Team-Based Initiative Reduces Readmission for Heart Failure Patients


The Patient Navigator Program reduced readmission for heart attack or heart failure patients by 81.3%.

Hospitals may successfully reduce the readmission rate among patients with heart failure (HF) using the American College of Cardiology’s (ACC) Patient Navigator Program, according to a presentation at the ACC 2017 scientific session.

Hospitals are at risk of incurring large fines due to excessive readmissions for patients, including those who have experienced a heart attack or who have HF. In response to the change implemented by the Centers for Medicare and Medicaid Services, the ACC created the Patient Navigator Program to use a team-based approach to prevent readmissions.

Through the program, hospitals will receive support in creating new or improving processes to reduce readmissions and improve patient care, according to the ACC. The Patient Navigator Program’s goals are to address challenges faced by patients during and after hospital stay, create approaches to make hospitalization less stressful and the recovery period more supportive, and create team-based strategies to reduce readmissions.

In 1 study, the authors analyzed results from Montefiore Medical Center’s initiation. A Navigator Team, which includes a nurse and a pharmacist, provided patient education, scheduled follow-up appointments, and therapy recommendations to 51 patients with HF.

The investigators discovered that this approach reduced readmissions by 81.3%, going from 25.6% to 4.8%, according to the study. This initiative also was observed to increase the education and follow-up received by patients.

“We are excited to see how our data, especially the early post discharge appointment, was adopted by the Hospital Readmissions Reduction program at Montefiore Medical Center, across all three campuses in the Bronx,” said researcher Ketherine DiPalo, PharmD.

Patient readmission can be caused by numerous reasons, including worsening of original symptoms, development of new symptoms, stress from hospitalization, patient frailty, or a lack of understanding of discharge instructions. Elderly patients are especially at-risk of being readmitted to the hospital.

The Patient Navigator Program aims to address the issues that cause readmission to improve patient health and outcomes.

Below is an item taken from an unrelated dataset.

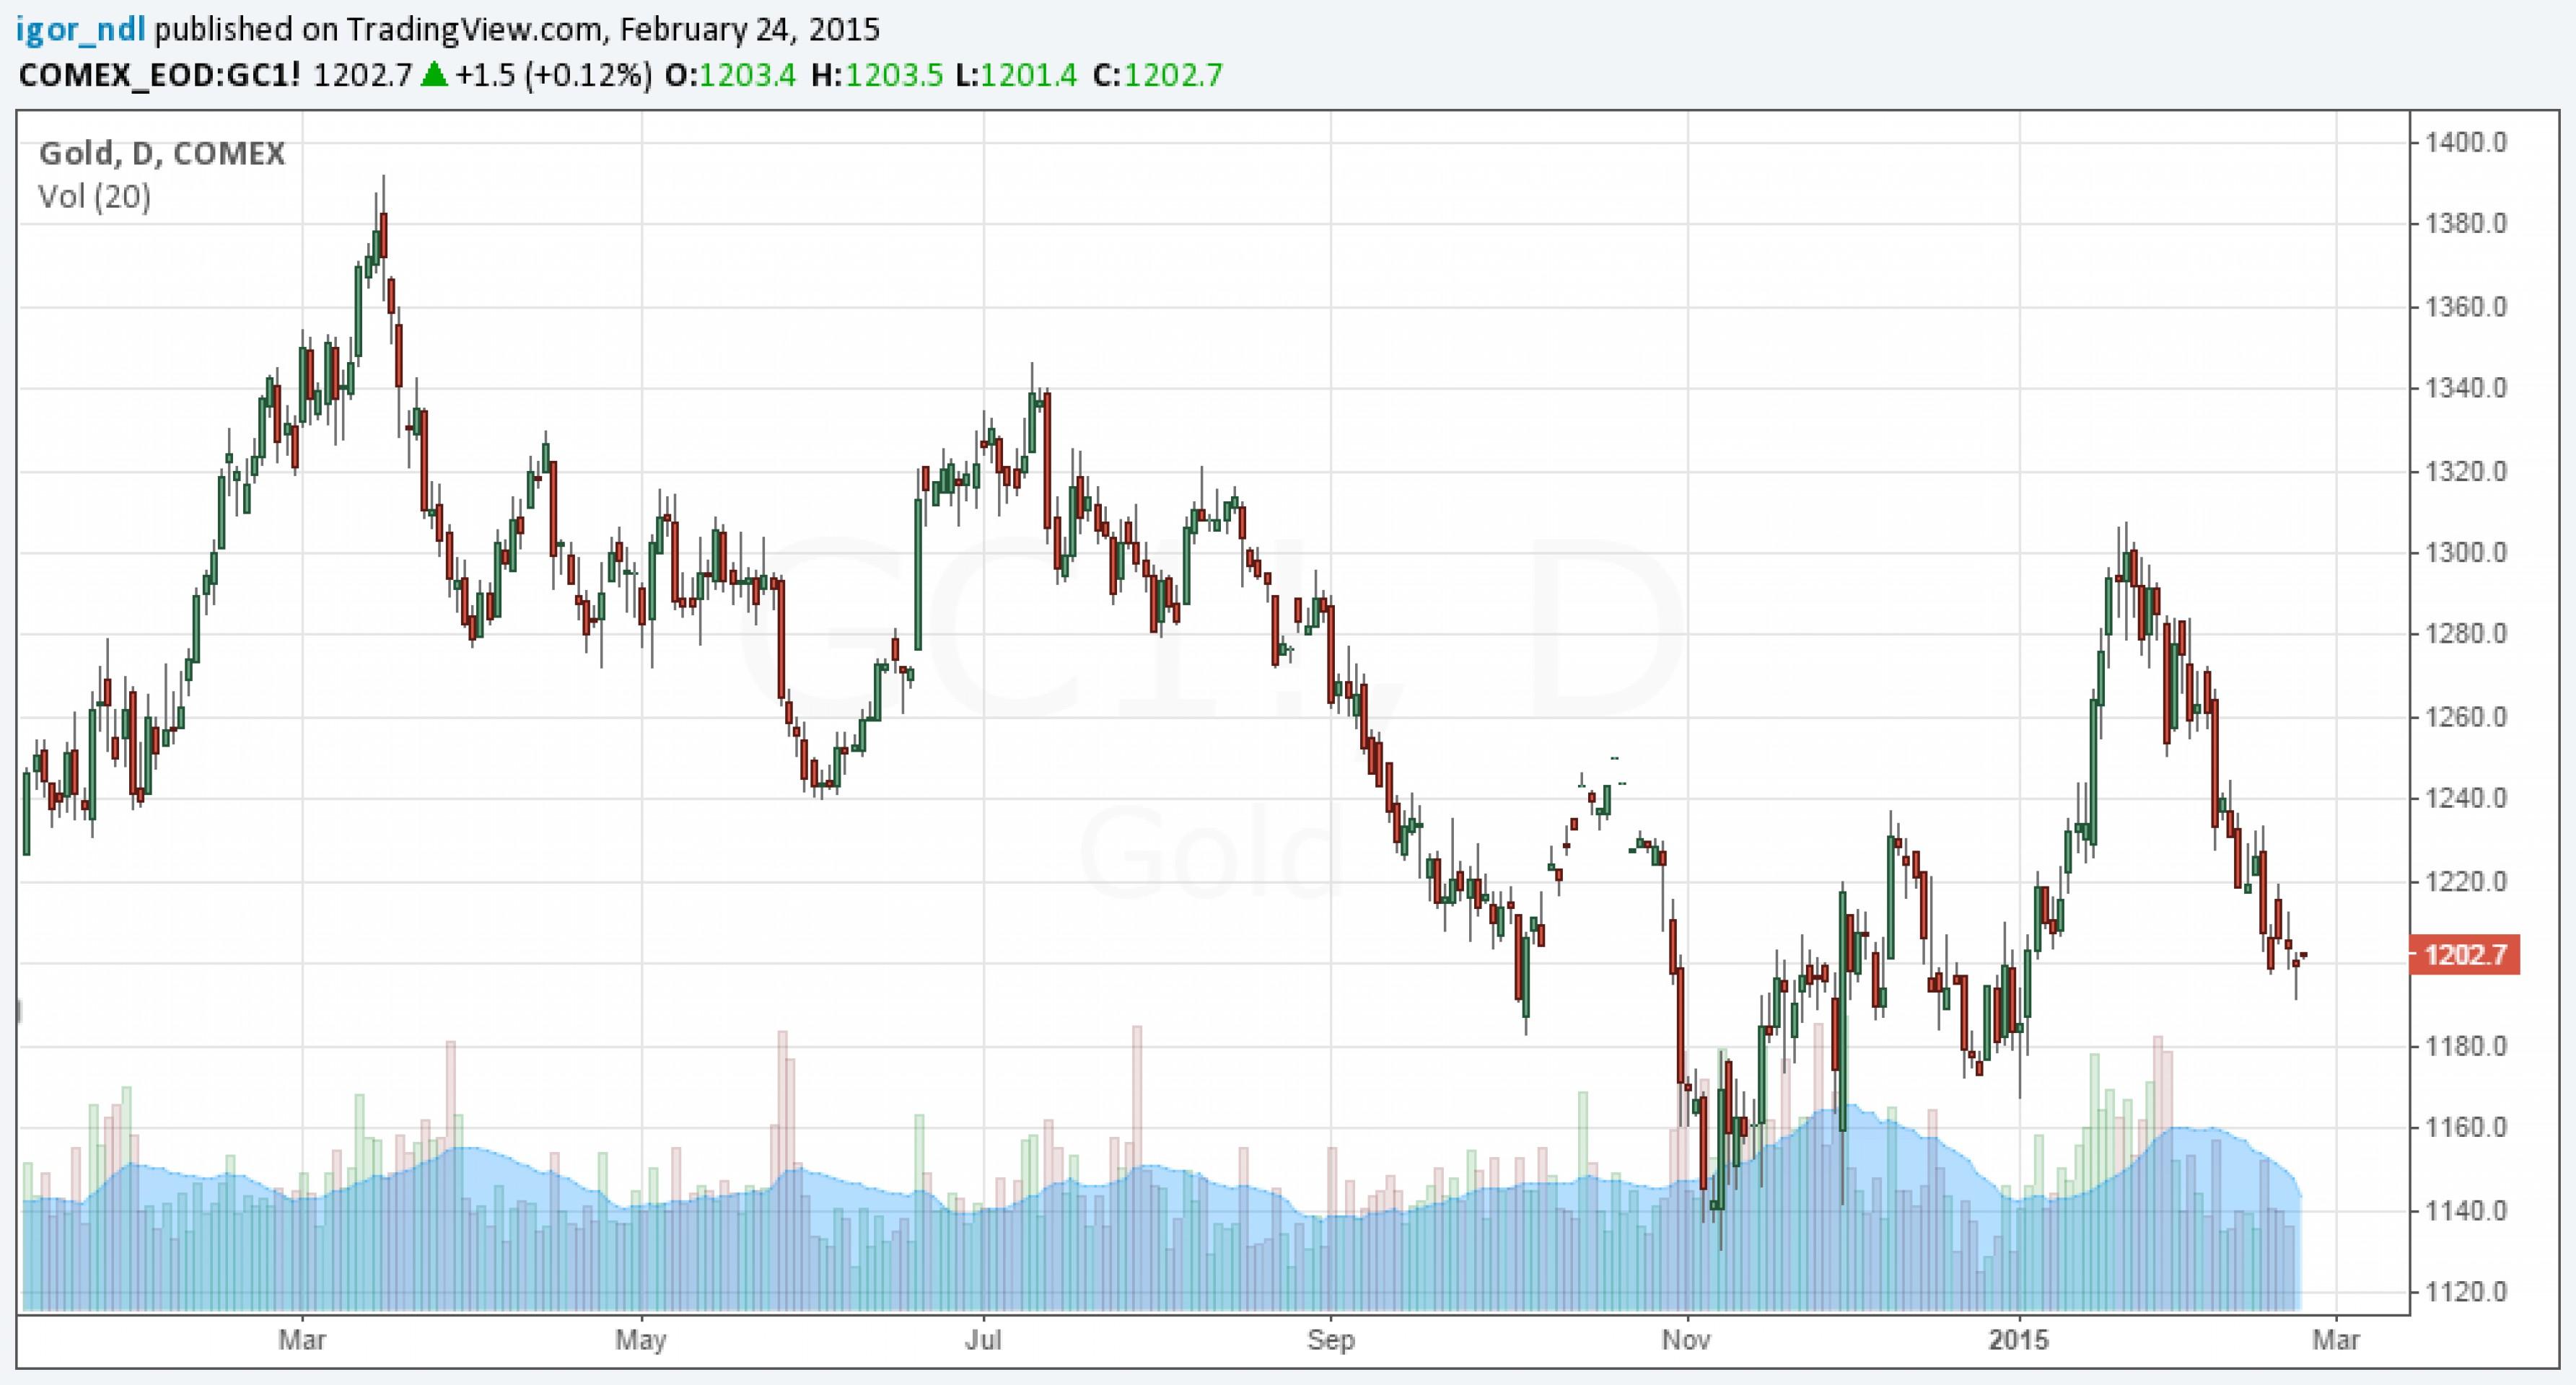 Гринспен предупреждает: на рынки надвигается буря

“It takes a commitment by hospitals, including hiring of FTE’s as support staff as Navigator Program Leaders, and dollars to achieve significant results,” said Ileana Pina, MD, MPH.

Additional studies from various locations are needed to determine the value of the program and if it should be expanded to include more hospitals.

“The results are encouraging but preliminary,” said Kim A. Eagle, MD, MACC, editor-in-chief of “We need more data to truly estimate the precise level of benefit of this wonderful program.”